Pesquisa da ENSP aborda o uso da força policial sob a ótica da violência e saúde

O conteúdo da fala desse paciente, explica Marcelle, expunha seu medo de ser punido, o que, muitas vezes, implica ser preso e/ou perder o emprego, ou de morrer por uma decisão que o levasse ou a exceder no uso de sua força policial militar ou a se omitir diante da urgência de algo que deveria ser feito por meio desse mesmo uso. “Sua preocupação se justificava pela Polícia Militar ter a função ostensiva.” Ou seja, elucida a psicóloga, essa fala está nas esquinas das cidades identificada, equipada e autorizada a usar a força para manter a ordem pública, fazendo com que os policiais, em seu cotidiano, sejam demandados a atuar numa grande variedade de acontecimentos que requerem intervenções imediatas para fazer cessar algum tipo de desordem ou conflito. “Tal entendimento conduz à perspectiva de que a atividade policial está amparada na possibilidade do uso da força.”
Então, aponta Marcelle, o abuso de força policial acaba sendo individualizado na figura do sujeito policial, normalmente visto como despreparado, desvalorizado e estressado. “Não que tudo isso não contribua de maneira essencial para os excessos cometidos por policiais, mas esses não podem ser explicados unicamente por tais argumentos, senão como parte de uma dinâmica que envolve as instituições policiais e que se insere na monopolização da violência supostamente legítima, constitutiva do Estado Moderno.” Por isso, admite-se que o uso da violência revela-se parte inerente da atividade policial, uma vez que, por meio de sua monopolização pelo Estado, a polícia está autorizada ao uso da coação, numa tentativa de instauração da paz na vida social. Nessa busca por restringir a aplicação da força pelo Estado de direito, disse a aluna, acabou-se por autorizar seu exercício residual à polícia, tornando-a o único meio de violência legal capaz de responder prontamente às diferentes demandas no espaço público. Ela destaca que as sociedades democráticas instituem as polícias como seu aparato coercitivo e, para tanto, delegam à instituição o uso da violência para a manutenção da ordem. “A justificação do uso ilegítimo da força pela polícia tem como raiz a ideia de que somente a força pode conter a ameaça do crime.”

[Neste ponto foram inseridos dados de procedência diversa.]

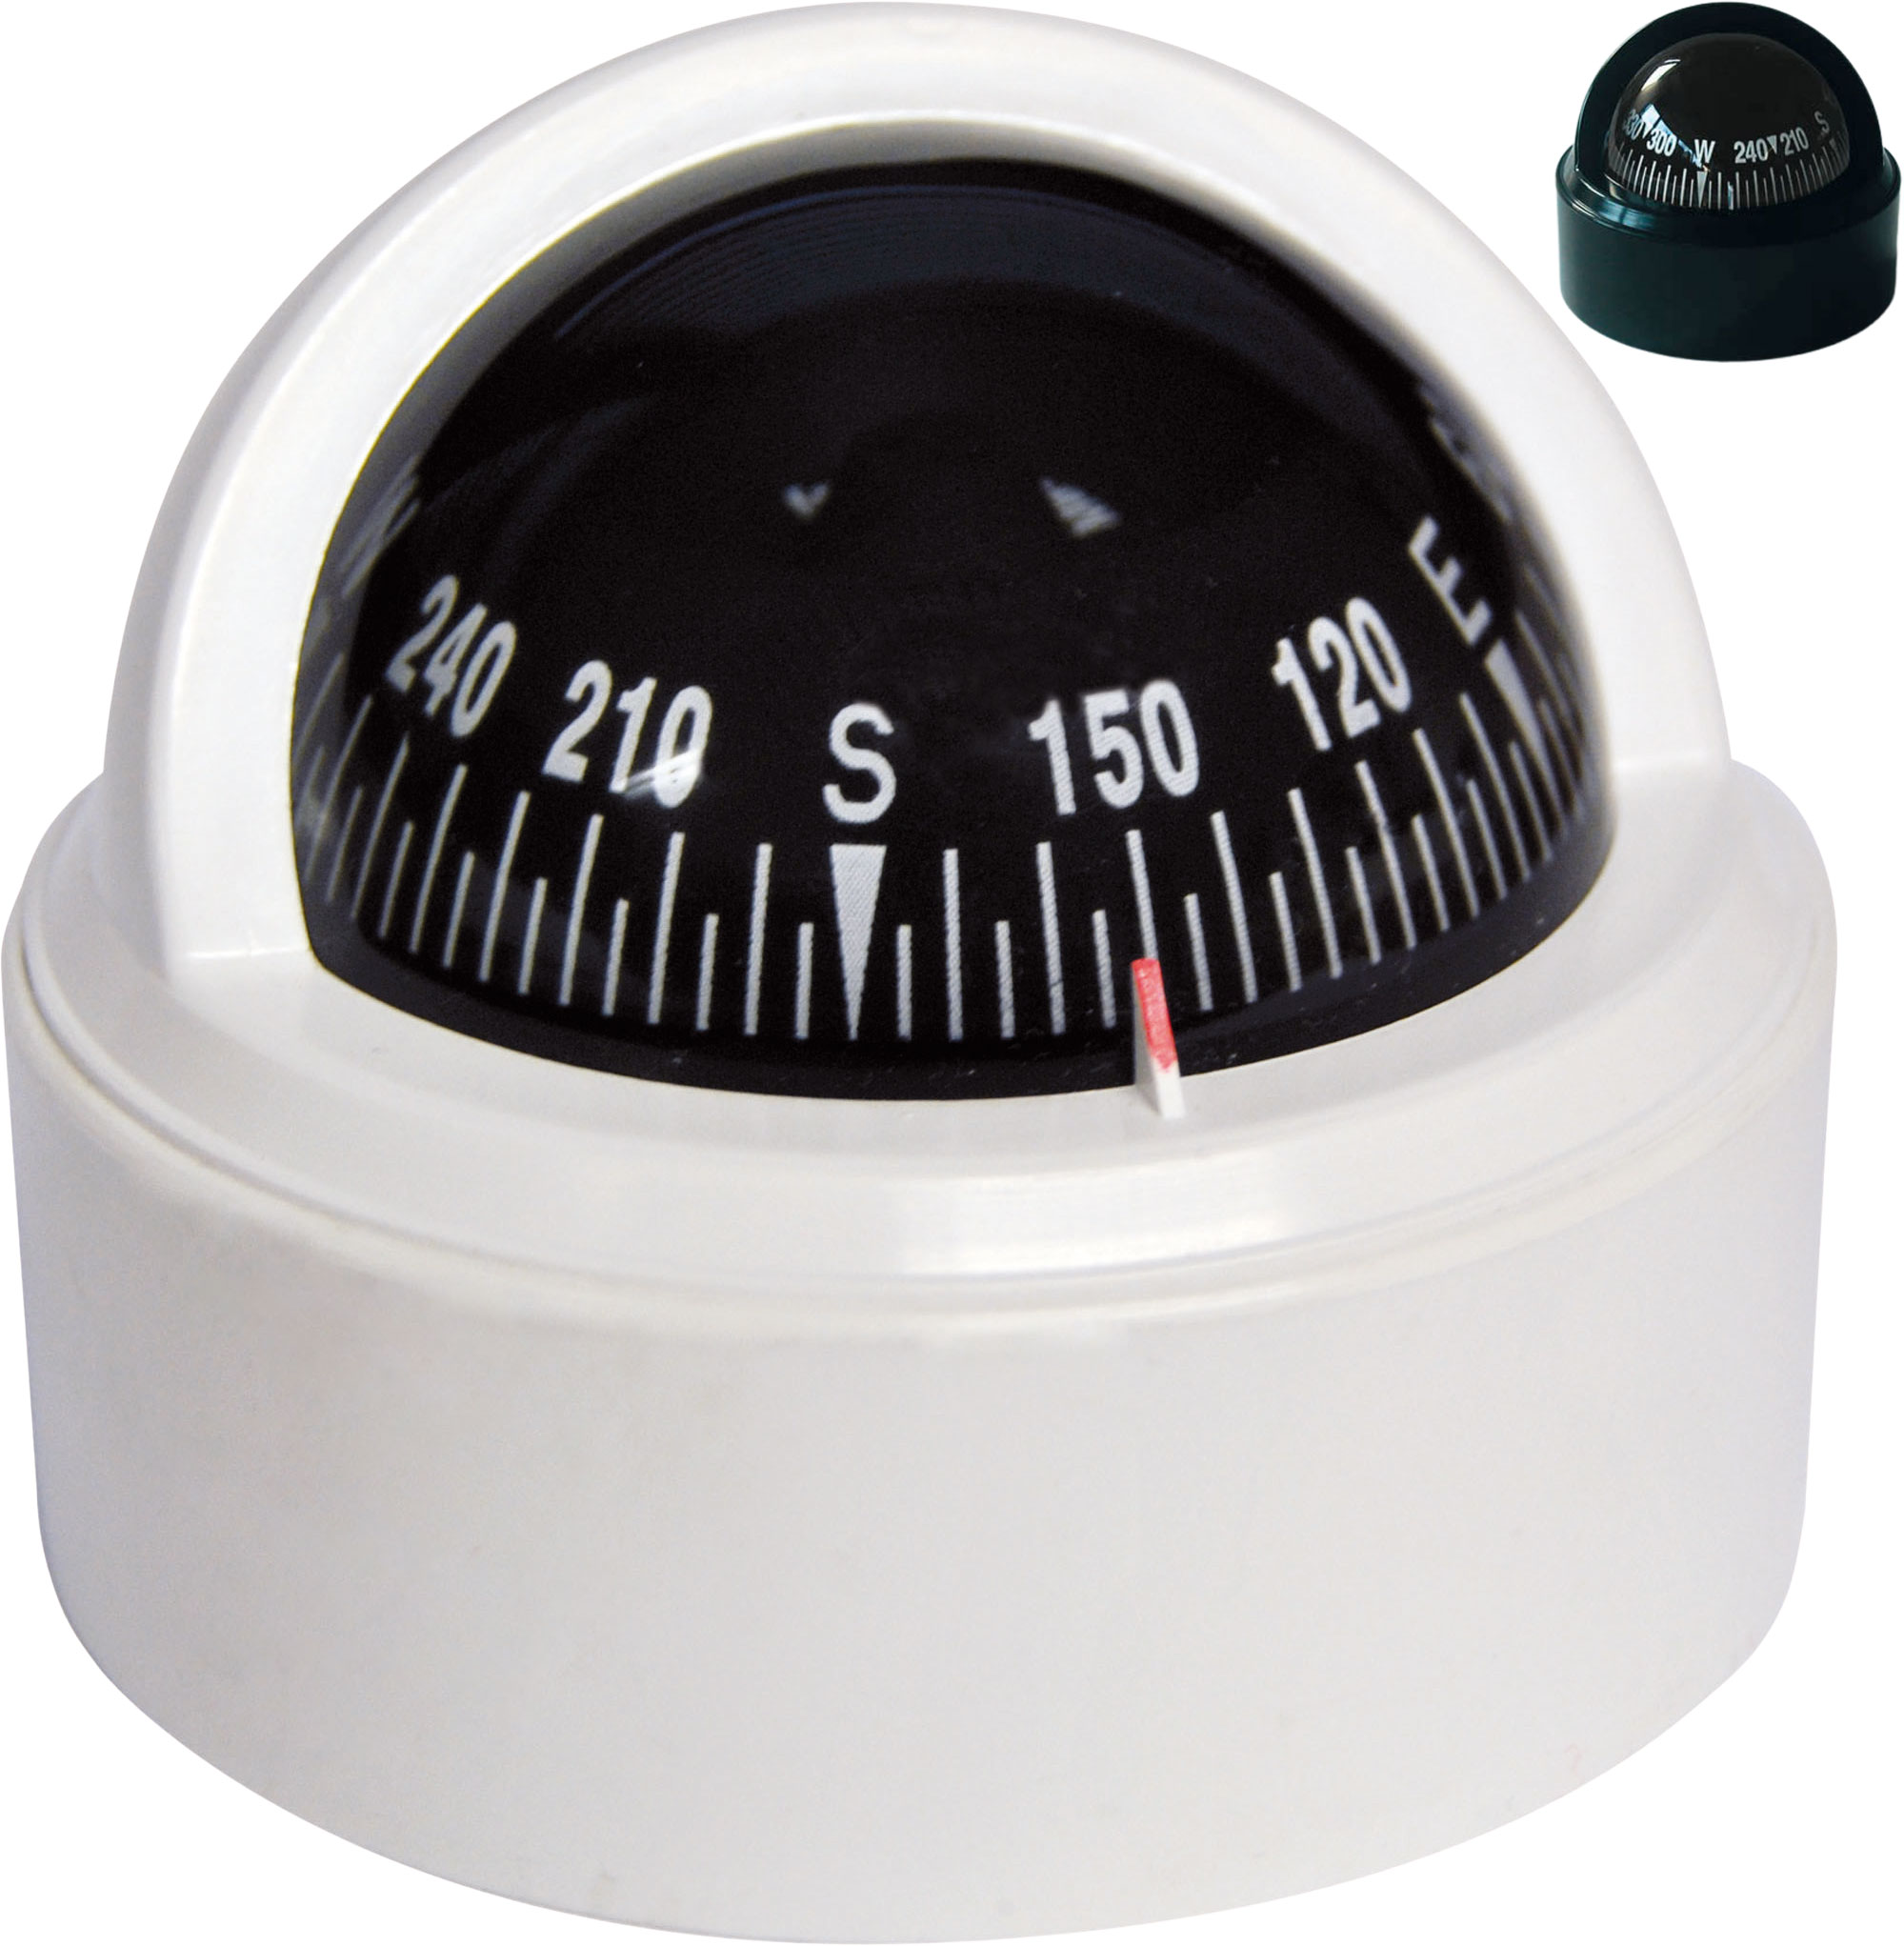 Riviera Stella BS1 kompass med minipidestall

Segundo Marcelle, diante do material bibliográfico encontrado pela pesquisa, vê-se que a perspectiva da violência como intrínseca ao ofício policial é ofuscada pela sua vertente de abuso e excesso, contribuindo para a incompreensão acerca do exercício da violência autorizada pelo Estado como inerente ao trabalho policial militar. “A ênfase na violência policial em situações de conflitos armados e combate ao crime massifica a imagem da polícia como violadora dos direitos humanos, desconsidera a relação da força com as atividades de manutenção da ordem e aumenta a distância entre polícia e sociedade.”

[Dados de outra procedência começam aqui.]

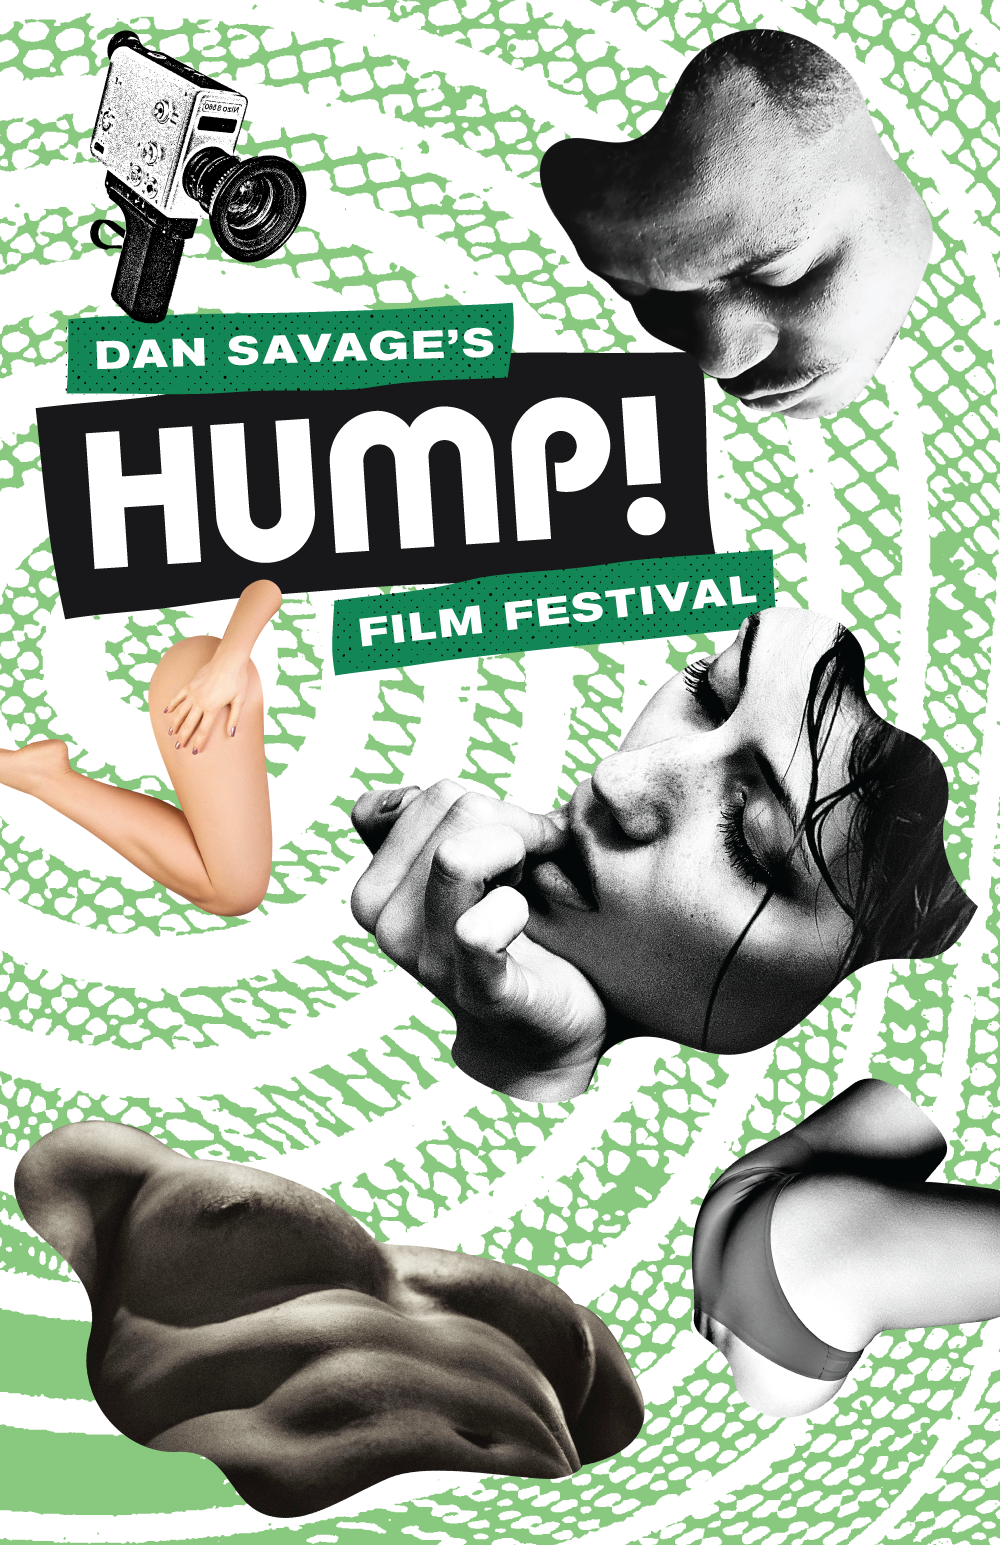 bassant adel recommends Hump Film Festival Videos

A dissertação de Marcelle Braga Barbosa objetivou articular as noções de constituição do Estado, monopolização da violência e polícia por meio de referenciais teóricos acerca dos estudos sobre a polícia, além de discutir sobre a polícia militar no Brasil e a institucionalização do excesso de violência policial no período entre 1980 e 2015. Ela é especialista em Políticas e Gestão em Segurança Pública pela Universidade Estácio de Sá (2013), e em Psicanálise e Saúde Mental pela Universidade do Estado do Rio de Janeiro (2012). Possui graduação em Psicologia pela Universidade Federal Fluminense (2007).